Give the data again word for word; drop the pictures.

_Input data:_
——————

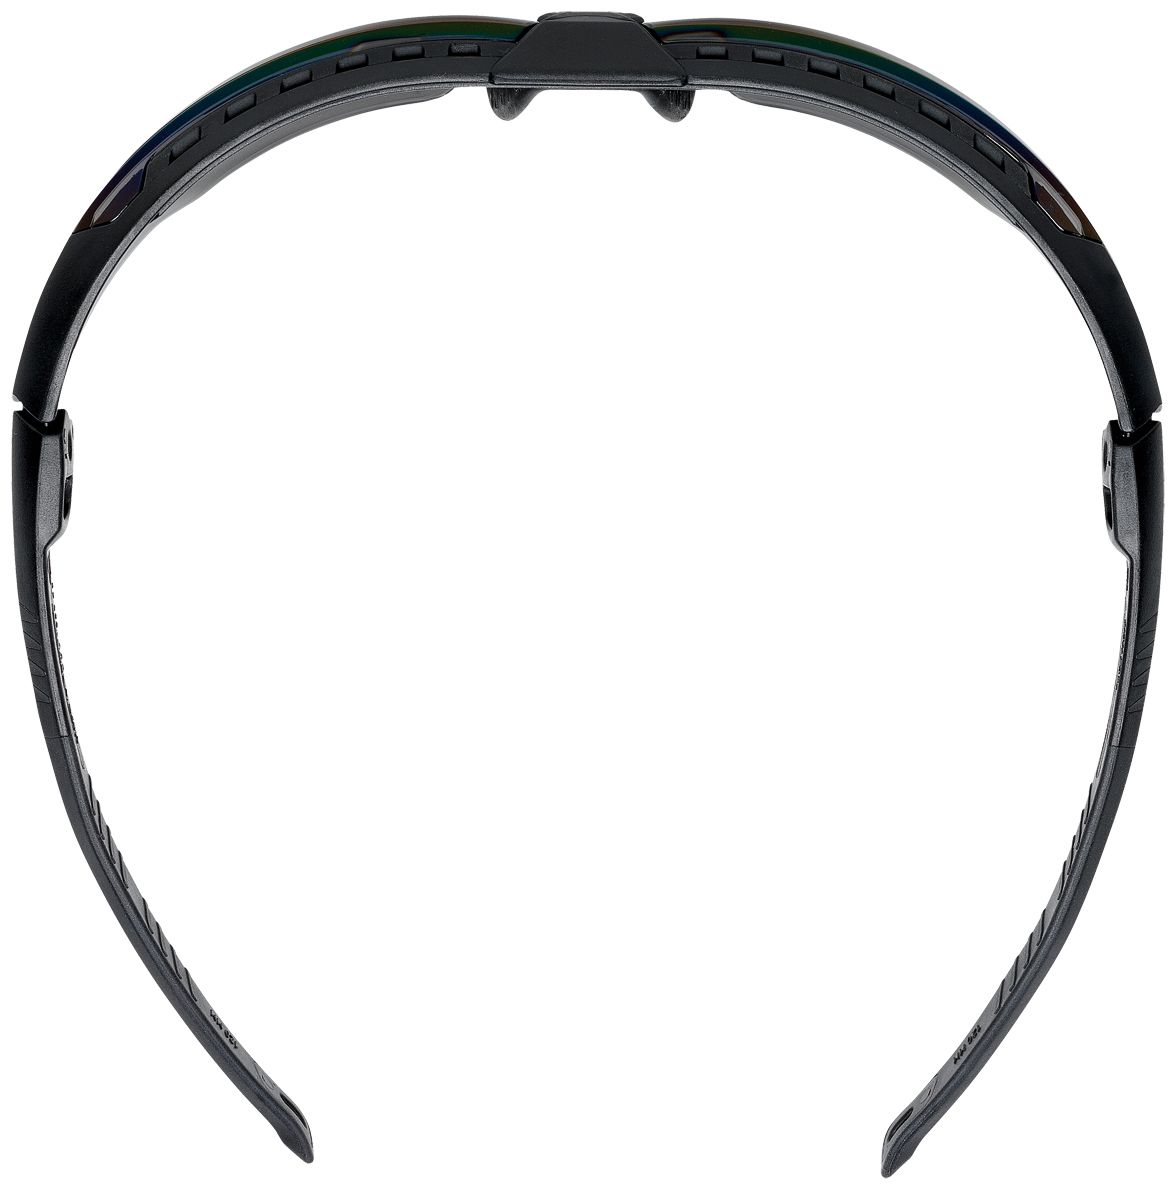 Honeywell Avatar Schutzbrille - kratz- & beschlagfest beschichtet - EN 166/170 - Schwarz/Blauspiegel
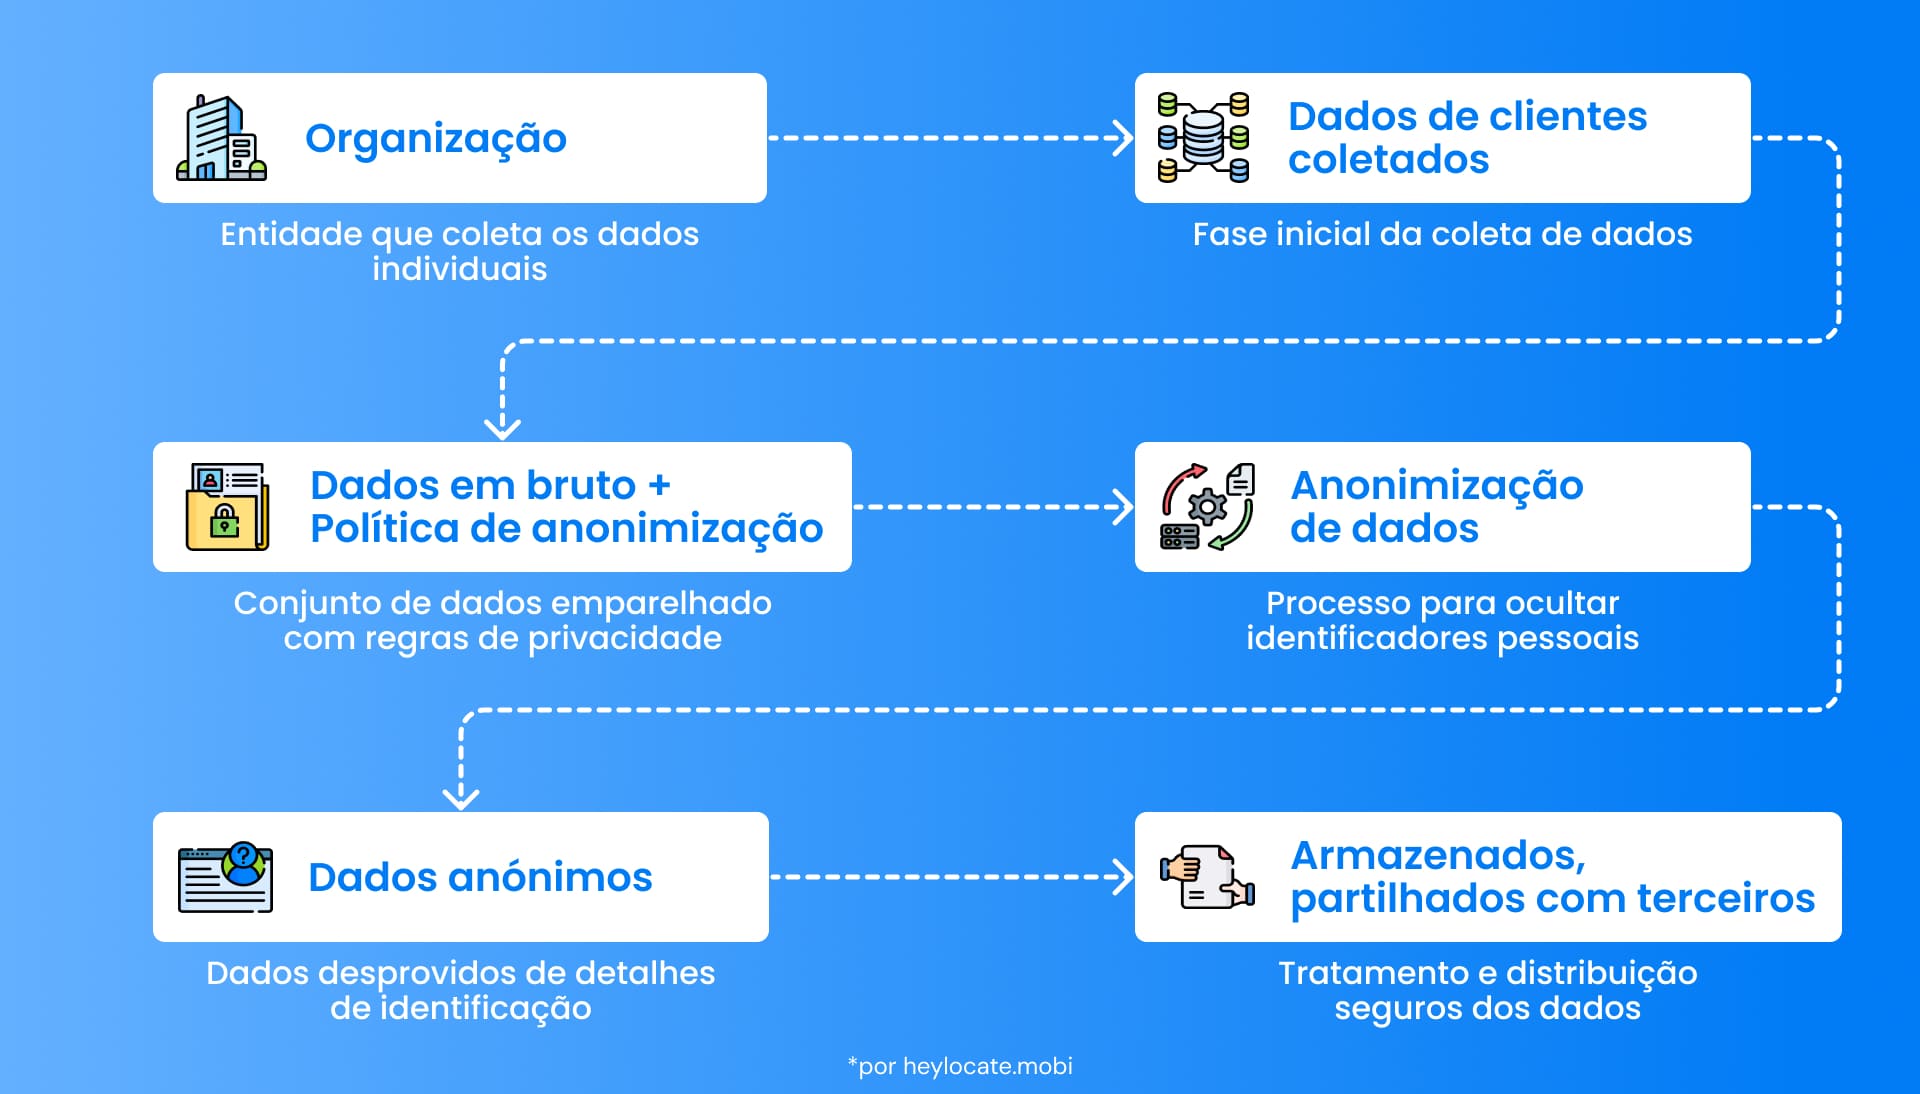 Fluxograma que descreve as etapas da anonimização de dados.  Descrevendo as etapas desde a coleta até a transmissão
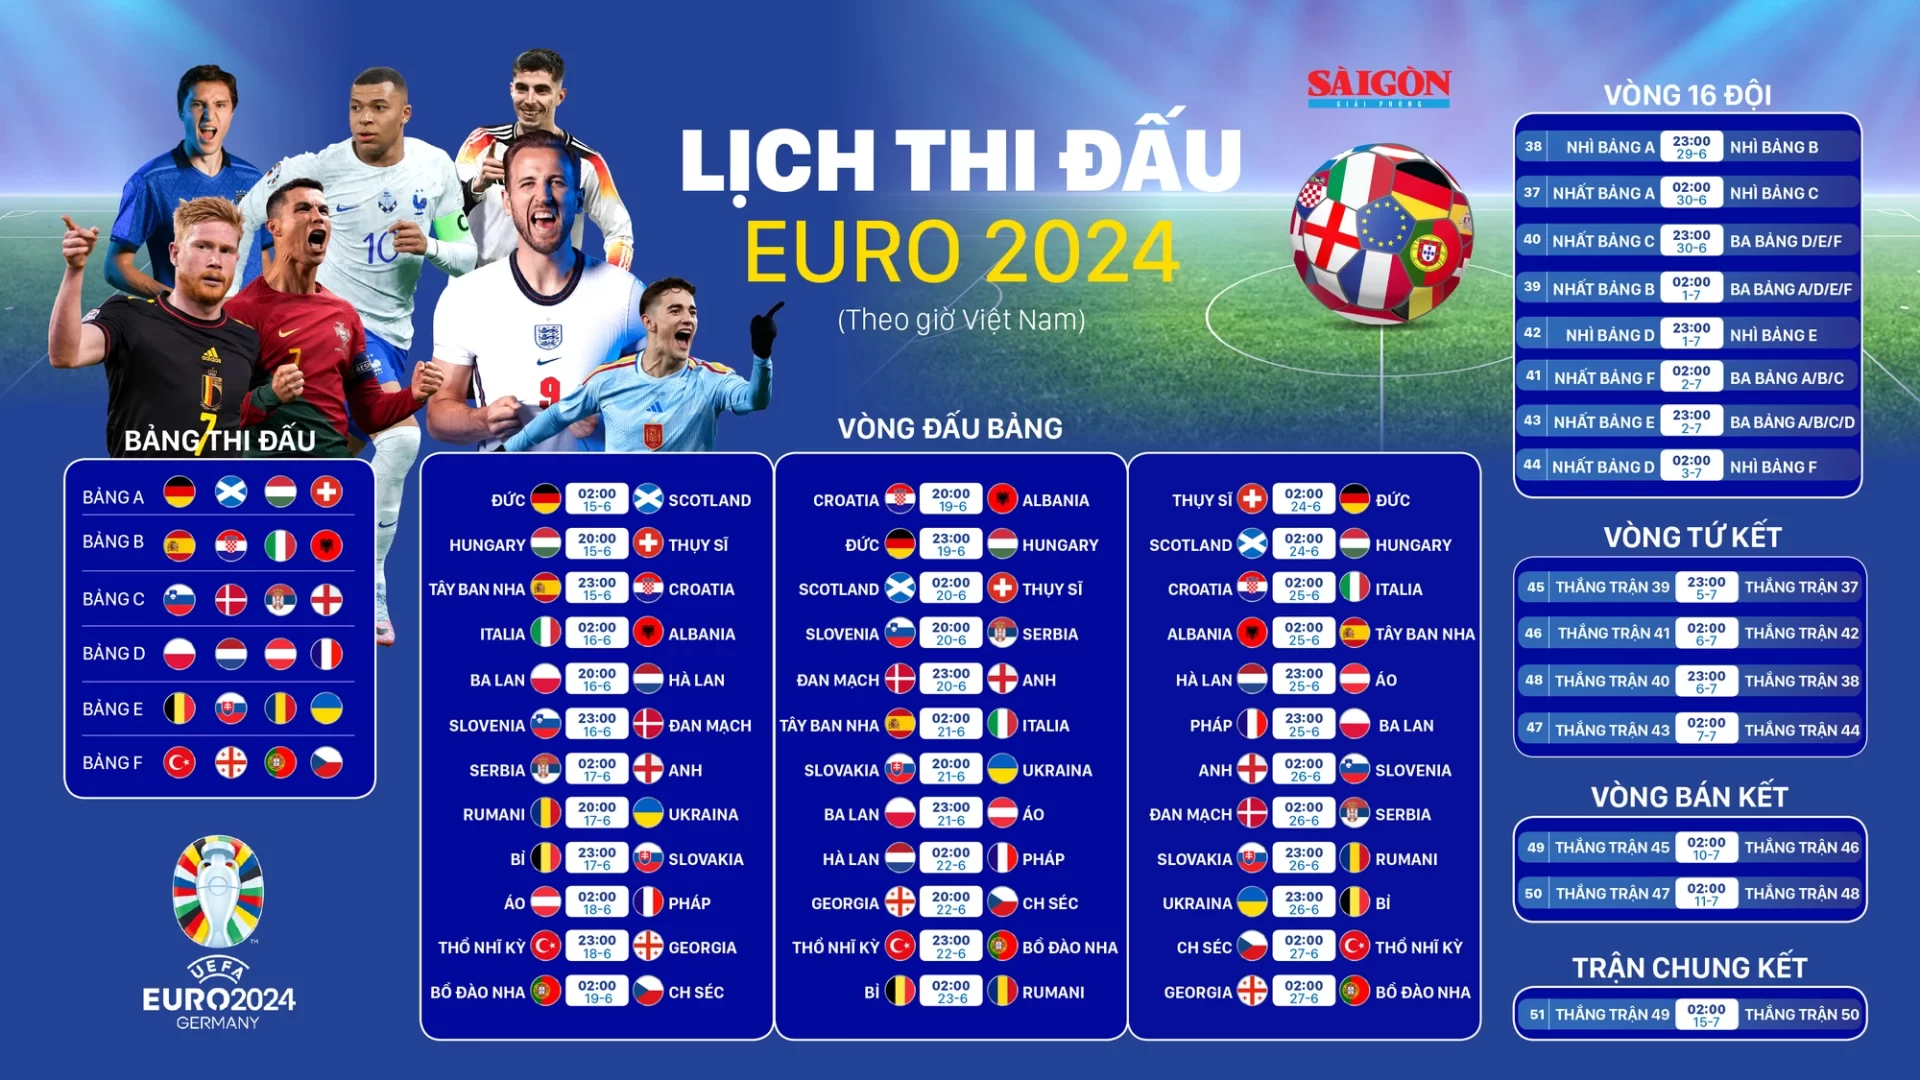 lich-thi-dau-euro-2024

——————

_Expected output:_
 Honeywell Avatar Schutzbrille - kratz- & beschlagfest beschichtet - EN 166/170 - Schwarz/Blauspiegel
 Fluxograma que descreve as etapas da anonimização de dados.  Descrevendo as etapas desde a coleta até a transmissão
 lich-thi-dau-euro-2024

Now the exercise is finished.